In the end, here's the Python file we end up with:

# generator/app.py
import os
from time import sleep
from kafka import KafkaProducer

KAFKA_BROKER_URL = os.environ.get("KAFKA_BROKER_URL")

if __name__ == "__main__":
    producer = KafkaProducer(bootstrap_servers=KAFKA_BROKER_URL)
    while True:
        message = ""  # TODO
        producer.send("queueing.transactions", value=message.encode())
        sleep(1)

Now, let's add the generator app to our docker-compose.yml configuration:

# docker-compose.yml
services:
  # ...
  generator:
    build: ./generator
    environment:
      KAFKA_BROKER_URL: broker:9092

Before we start this app, we need to populate the message with an actual value representing a transaction.

To do this, I have built a utility create_random_transaction() function which we can use to create randomised transactions. These will have a source account, a target account, an amount and a currency.

It's pretty straight-forward, so I'm just copy-pasting the transactions.py file here:

# generator/transactions.py
from random import choices, randint
from string import ascii_letters, digits

account_chars: str = digits + ascii_letters


def _random_account_id() -> str:
    """Return a random account number made of 12 characters."""
    return "".join(choices(account_chars, k=12))


def _random_amount() -> float:
    """Return a random amount between 1.00 and 1000.00."""
    return randint(100, 1000000) / 100


def create_random_transaction() -> dict:
    """Create a fake, randomised transaction."""
    return {
        "source": _random_account_id(),
        "target": _random_account_id(),
        "amount": _random_amount(),
        # Keep it simple: it's all euros
        "currency": "EUR",
    }

Nice! We can now replace the empty message with a fake transaction:

from transactions import create_random_transaction

# ...
transaction: dict = create_random_transaction()
message: str = json.dumps(transaction)
producer.send("queueing.transactions", value=message.encode())
# ...

Let's add the final touches by making our generator app more configurable β€” which is always a good practice. Let's:

  • Extract the queueing.transactions topic into a KAFKA_TRANSACTIONS_TOPIC environment variable
  • Make the sleep time configurable through a TRANSACTIONS_PER_SECOND environment variable.
  • Make use of KafkaProducer's value_serializer argument to automatically serialize messages from a dict to JSON bytes.

Here's the final version of the transaction generator:

# generator/app.py
import os
import json
from time import sleep
from kafka import KafkaProducer
from transactions import create_random_transaction

KAFKA_BROKER_URL = os.environ.get("KAFKA_BROKER_URL")
TRANSACTIONS_TOPIC = os.environ.get("TRANSACTIONS_TOPIC")
TRANSACTIONS_PER_SECOND = float(os.environ.get("TRANSACTIONS_PER_SECOND"))
SLEEP_TIME = 1 / TRANSACTIONS_PER_SECOND

if __name__ == "__main__":
    producer = KafkaProducer(
        bootstrap_servers=KAFKA_BROKER_URL,
        # Encode all values as JSON
        value_serializer=lambda value: json.dumps(value).encode(),
    )
    while True:
        transaction: dict = create_random_transaction()
        producer.send(TRANSACTIONS_TOPIC, value=transaction)
        print(transaction)  # DEBUG
        sleep(SLEEP_TIME)

And here's what the Docker Compose service looks like:

# docker-compose.yml
services:
  generator:
    build: ./generator
    environment:
      KAFKA_BROKER_URL: broker:9092
      TRANSACTIONS_TOPIC: queueing.transactions
      TRANSACTIONS_PER_SECOND: 1000

Trying out the transaction generator

At this point, it's probably a good idea to get things running and check that everything is going well.
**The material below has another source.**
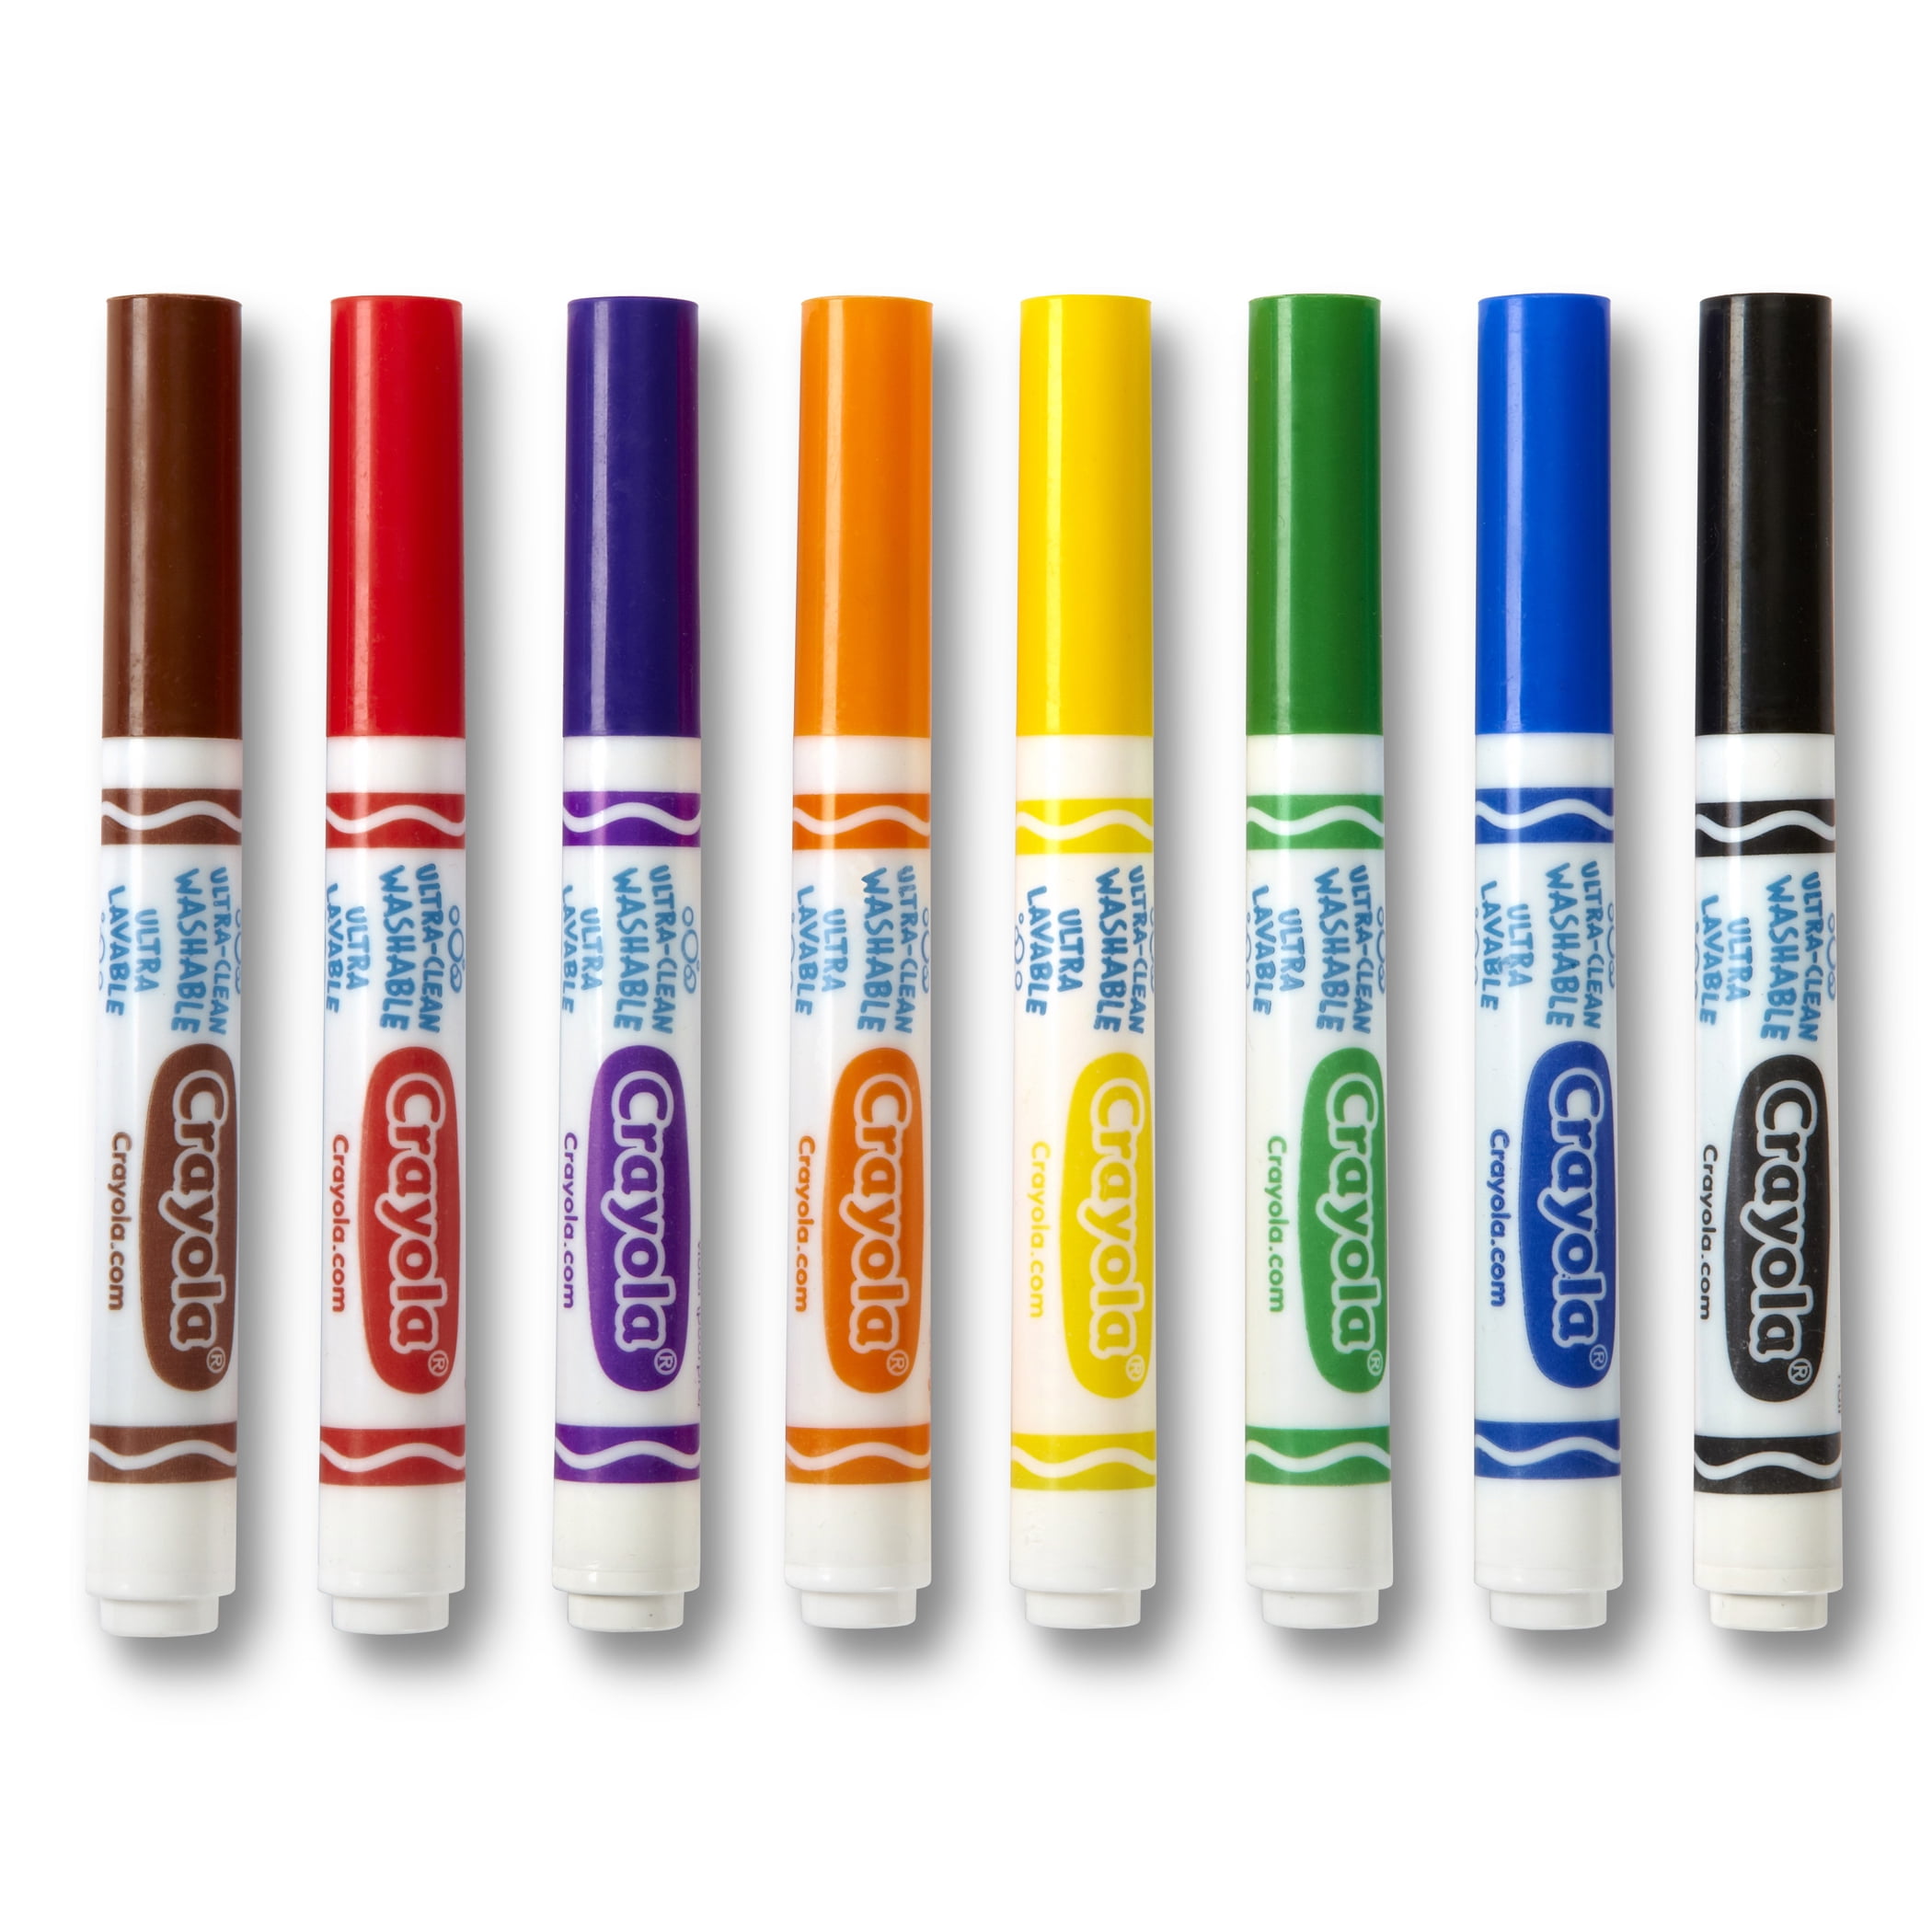 Crayola Marcadores lavables Classpack Arts & Crafts 200ct 8 colores punta  cónica Arts & Crafts Bin588200 Crayola Llc

After all, who am I to tell you this works, if you can't verify it for yourself?

To do this, let's begin by making sure our local Kafka cluster is up, then start the main Docker Compose:

$ docker-compose up

This will start the generator's producer.
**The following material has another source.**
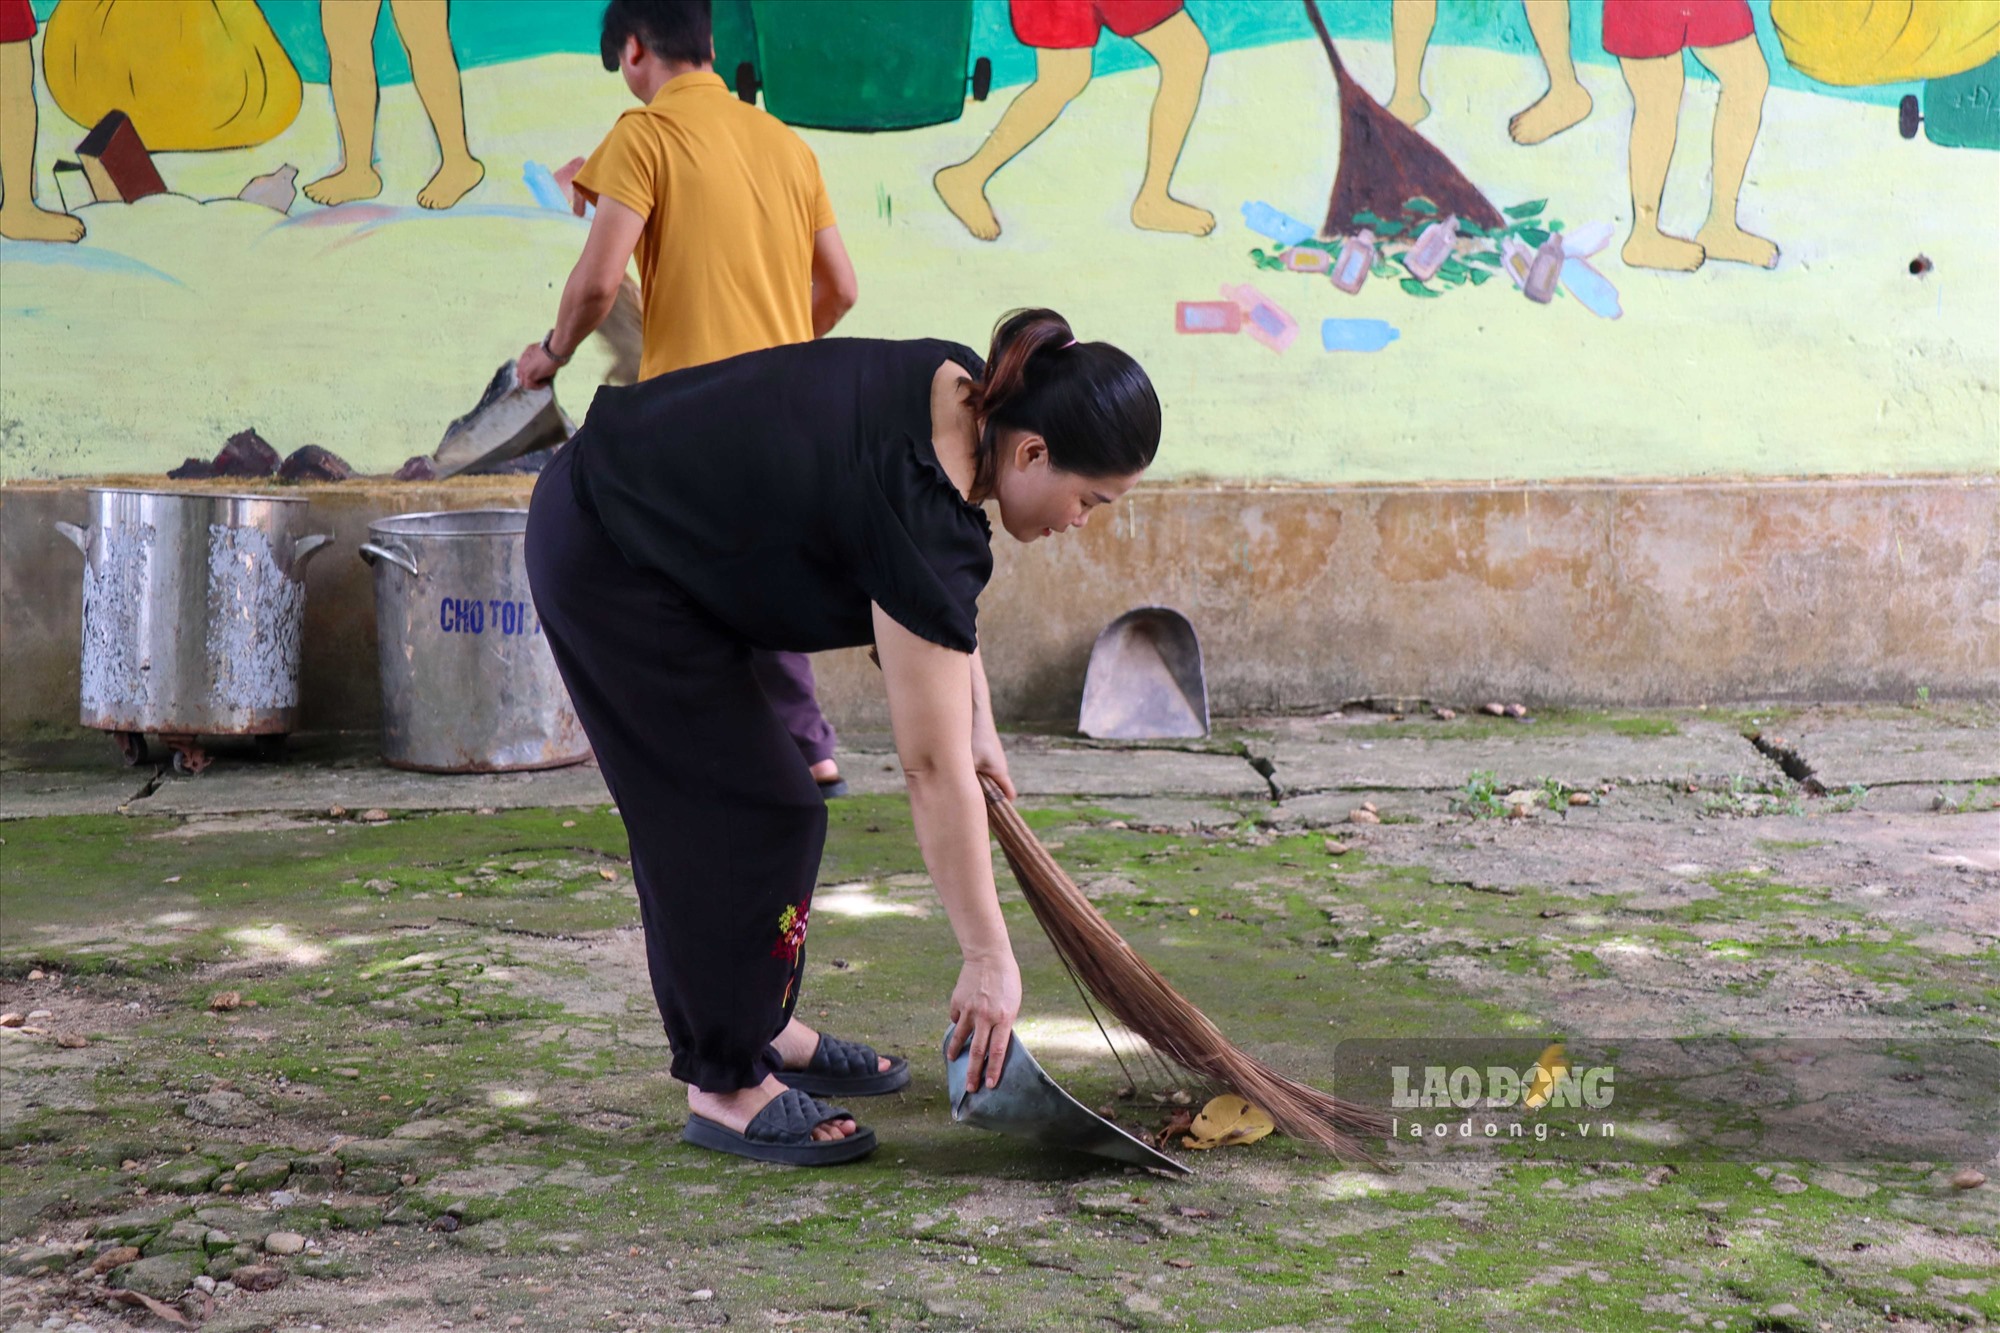 Các thầy cô cũng tích cực chuẩn bị cho năm học mới, giúp ngôi trường xanh, sạch, đẹp.

Our debug prints will output the transactions to the console from Python, but this does not guarantee messages are effectively produced to the topic.

To verify this is the case, we can use a script built into Confluent Platform and present in the confluent/kafka-cp Docker image. This script is called kafka-console-consumer. It allows you to read and print the contents of a topic to the console.

The command needs to be run inside the broker container, which makes it a bit obscure, but here it is (you'll need to run it in a separate terminal):

docker-compose -f docker-compose.kafka.yml exec broker kafka-console-consumer --bootstrap-server localhost:9092 --topic queueing.transactions --from-beginning

The --from-beginning flag means the command will read the whole topic, instead of only reading new messages.

You can let it run for a while, then press Ctrl+C to stop the kafka-console-consumer and see the total number of read messages:

...
{"source": "Jpe2zq1QDYTn", "target": "lLbLnl0FSr7T", "amount": 254.83, "currency": "EUR"}
{"source": "mfGWAdLKW8jh", "target": "ede8FQpjBeej", "amount": 785.22, "currency": "EUR"}
{"source": "GufdRdi1TElh", "target": "u0ANirFVu76B", "amount": 407.64, "currency": "EUR"}
^C
Processed a total of 4783 messages

Wonderful! It works β€” fake transactions are effectively produced to the topic.

You can stop the generator for now: Ctrl+C or $ docker-compose down.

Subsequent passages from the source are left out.